I shake my head. "No." I don't explicate, don't explain that while I don't feel pressured by Edward, I do feel pressured by everything else: the fact that we've been together for two years, the fact that I've known him – and loved him – for much longer, the fact that everyone else is starting to have opinions about the status of Edward's and my lack of sex life. I'm pressuring myself, and while Edward isn't overtly pressuring me, the knowledge of what he wants is its own kind of pressure. "He isn't," I add, but my best friend can hear the words I don't say.
"But?"
"But I don't understand why I can't," I admit, watching her precise painting. "I love him. God, Alice, I love him so much. And sometimes I think maybe I want to. But then we're together and I just…freeze."
"Maybe that's your subconscious doing you a favor," she suggests, my third toenail getting its coat of pink. "I mean, it's not something you can take back if you regret it. And Lord knows once you do it once, he's going to want to do it all the time." That thought hadn't occurred to me, and if anything, it only fills me with more dread. Alice continues, entirely oblivious to my silent panic. "And what if you got pregnant? I mean, your dad would probably shoot him."

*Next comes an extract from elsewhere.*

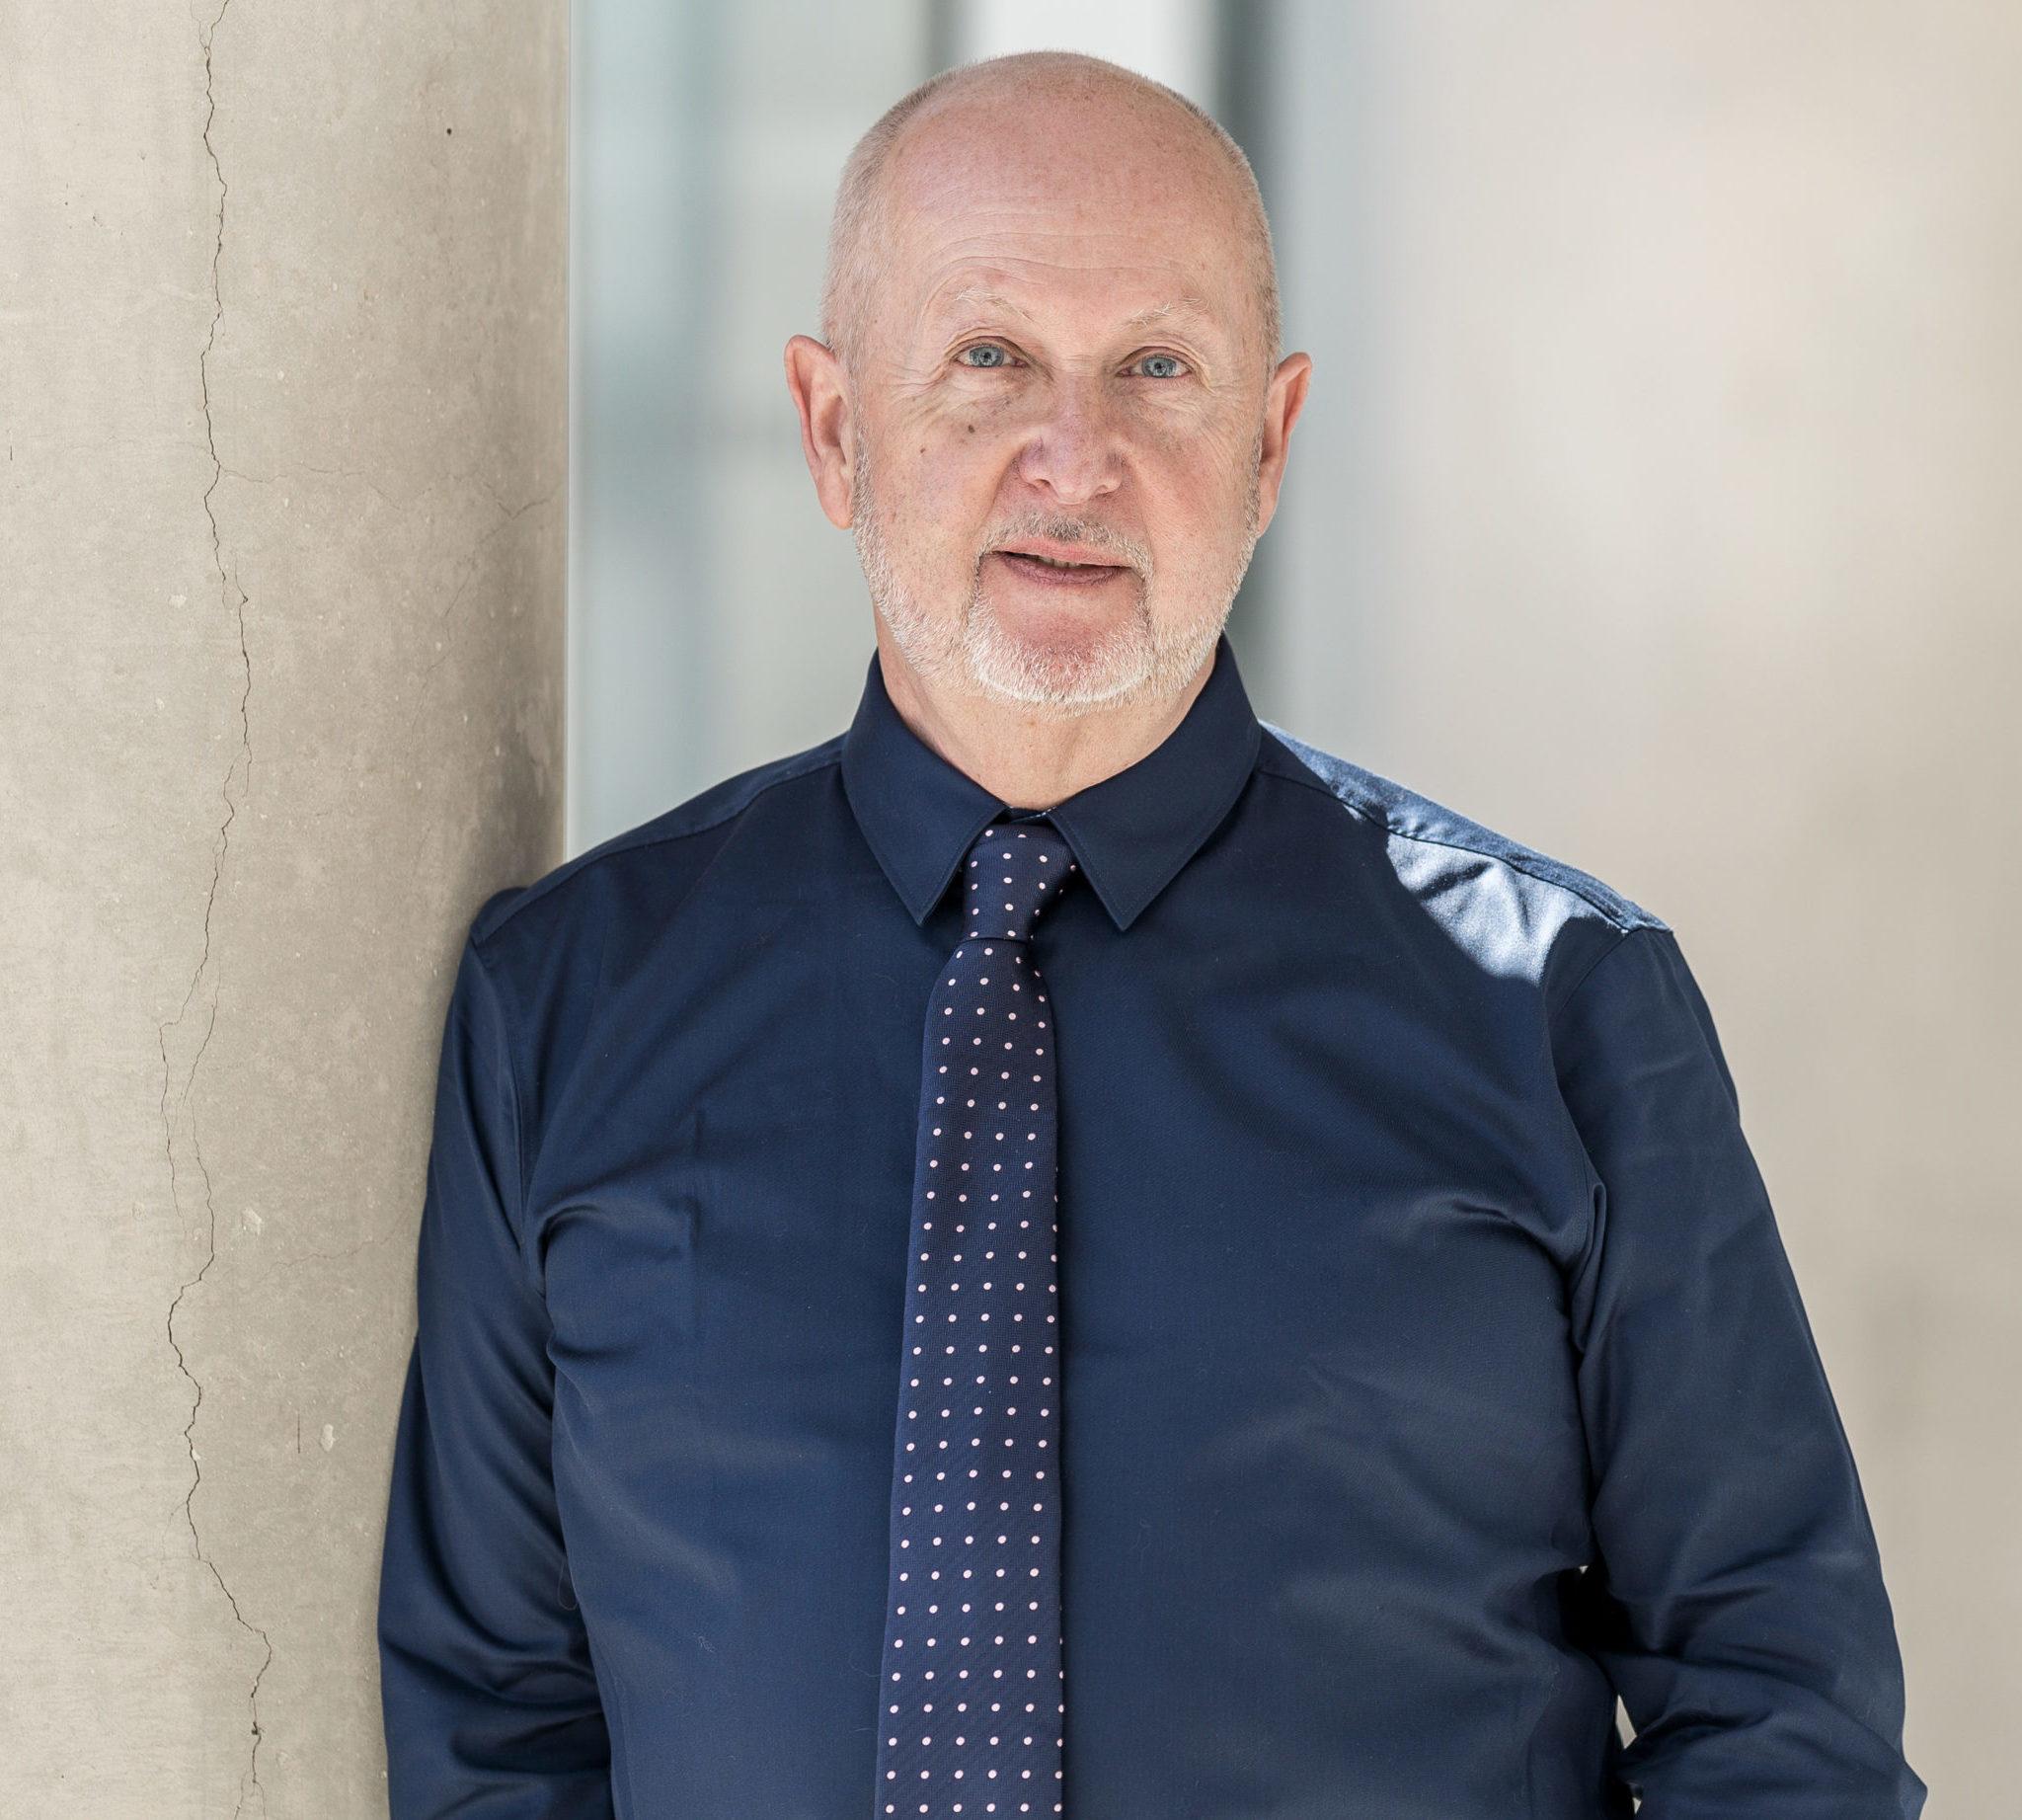 Jim Ryan, Partner at Acuity Law

"He'd wear a condom," I argue halfheartedly, even as I'm not sure why I bother. A part of me was hoping Alice would tell me I'm being silly, worrying too much about something that's not a big deal, convince me to just do it already, but she's as much a virgin as I am. "I'm really…I'm not afraid I'll get pregnant." I sigh as she finishes my left foot.
"Then what are you afraid of?" Alice squints at my toes.
And isn't that the million-dollar question? "I don't know." God, I wish I did. "I'm afraid it will hurt," I say after a moment, and the moment the words leave my lips I know they're at least part cop-out. The implication is the lie, even if the words are truth.
"It probably will," she says, finally looking up at me. "But I've heard that part doesn't last that long and isn't really that bad."
I nod, despite the fact that I don't believe her. How can being pried open not hurt?